In these two modles it shows that going to a length of 5 imporves my model accuracy by 8% totaling at 86% which is huge just from increasing it by two rows. My precision did drop from model 1 (88) to modle 2 (86) however, this little drop helped my presicion on NO increase 13% showing my modle is better at identifying if someone voted yes or no. On recall it did decrease on no however, my Yes did increase so making each model better at catching who voted no and who voted yes.

## Naive Bayes model prediction

In [None]:
# Building a Naive Bayes model on training data
model_NB = MultinomialNB()
model_NB.fit(predictors_train, target_train)

In [None]:
# Make predictions on testing data (0.5 points)
prediction_on_test_NB = model_NB.predict(predictors_test)

In [None]:
# Examine the evaluation results on testing data: confusion_matrix
cm_NB = confusion_matrix(target_test, prediction_on_test_NB)
ConfusionMatrixDisplay(confusion_matrix=cm_NB, display_labels=model_NB.classes_).plot()
#plot_confusion_matrix(model, predictors_test, target_test, cmap=plt.cm.Blues, values_format='d')

In [None]:
# Examine the evaluation results on testing data: accuracy, precision, recall, and f1-score.
print(classification_report(target_test, prediction_on_test_NB))

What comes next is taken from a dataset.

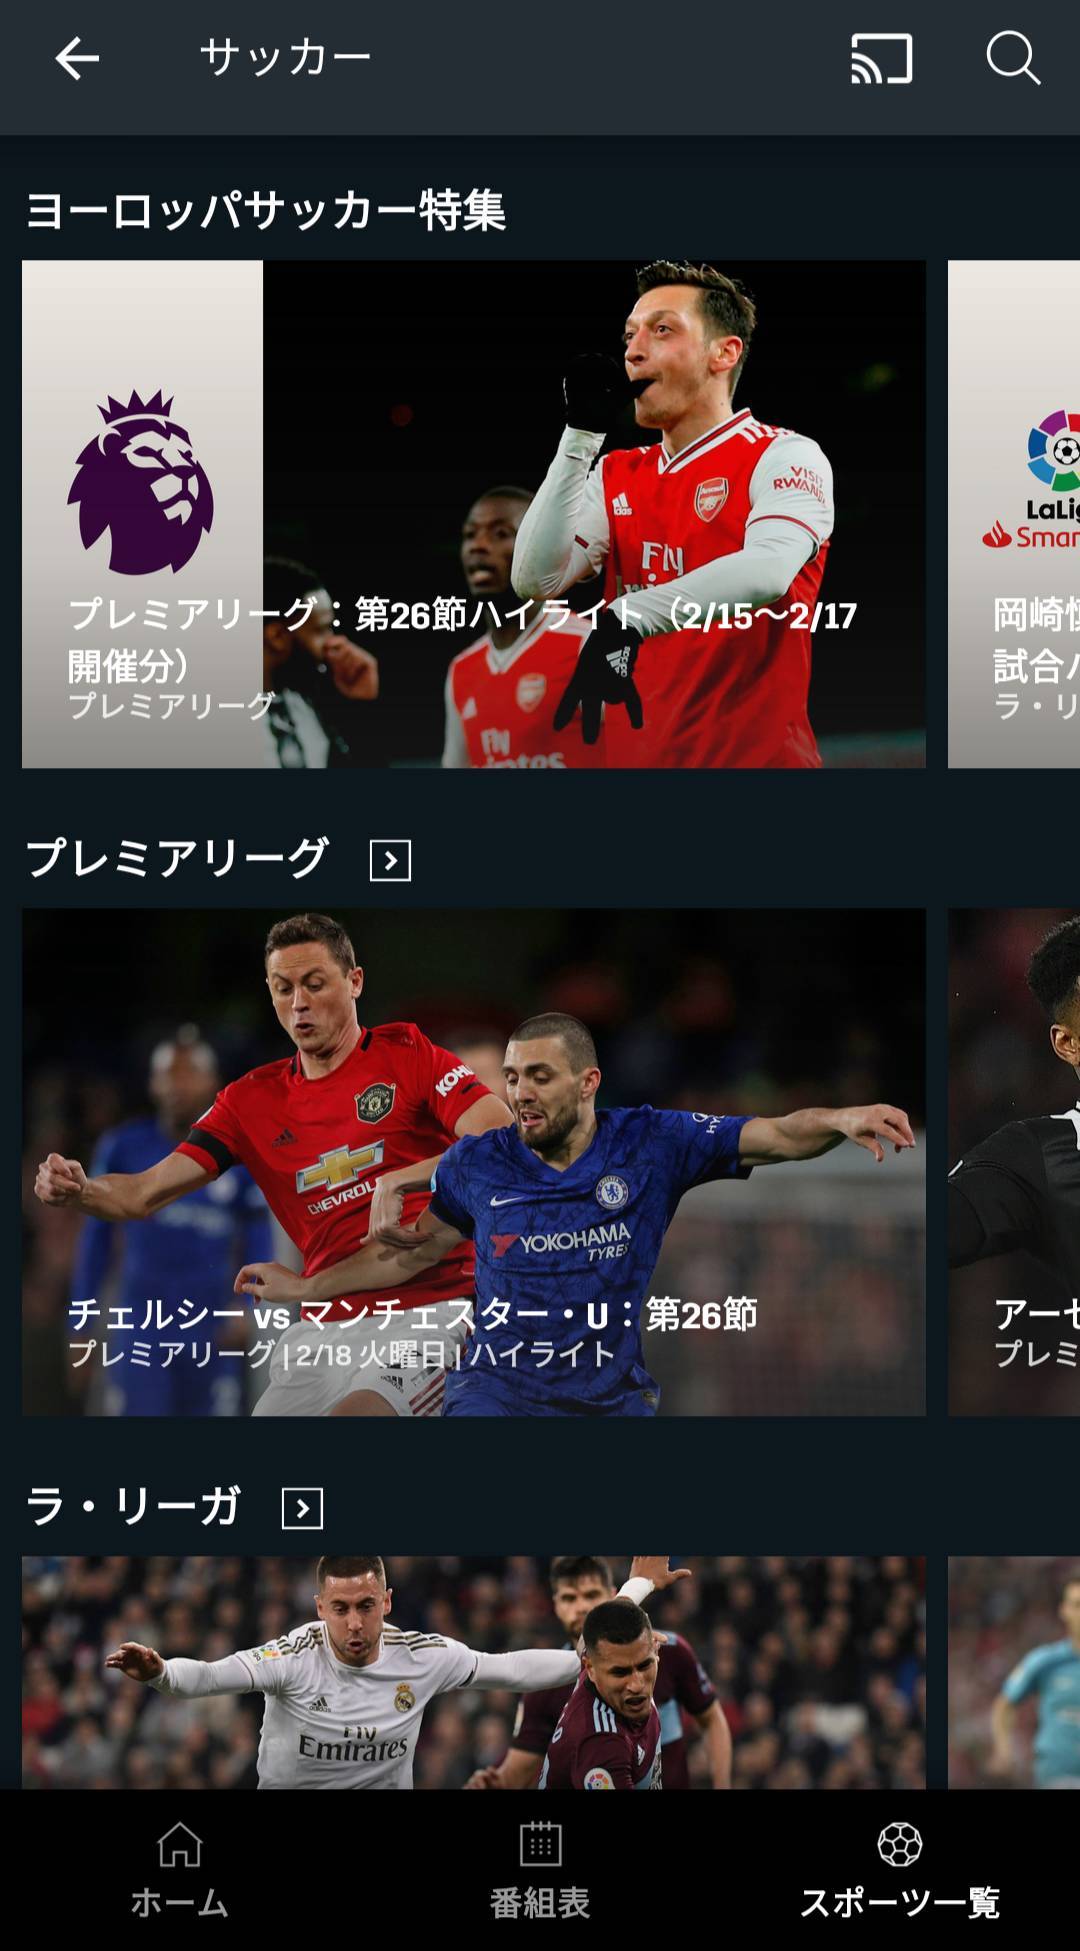 国内サッカー Jリーグのネット中継をスマホで観る方法6つ 無料あり の画像 3枚目 Appliv Topics

The Naive Bayes model achieved an accuracy of 0.56, lower than the Decision Tree model. It showed good recall for class No (.84) but recall for class Yes fell short(0.23). The F1-score for class 1 was 0.32, indicating a need for improvement in balancing precision and recall. These means I need refining the model for better performance.

## **K Nearest Neighbor**

### n_neighbors = 1

In [None]:
# Apply minmax normalization on predictors
min_max_scaler = preprocessing.MinMaxScaler()
predictors_normalized = pd.DataFrame(min_max_scaler.fit_transform(predictors))
predictors_normalized.columns = predictors.columns
predictors_normalized

In [None]:
# Build a K Nearest Neighbor model on training data with n_neighbors = 1
model = KNeighborsClassifier(n_neighbors = 1)
model.fit(predictors_train, target_train)

In [None]:
# Make predictions on training and testing data
prediction_on_train = model.predict(predictors_train)
prediction_on_test = model.predict(predictors_test)

In [None]:
cm = confusion_matrix(target_train, prediction_on_train)
ConfusionMatrixDisplay(confusion_matrix=cm, display_labels=model.classes_).plot()

In [None]:
# Examine the evaluation results on training data: accuracy, precision, recall, and f1-score (1 points)
print(classification_report(target_train, prediction_on_train ))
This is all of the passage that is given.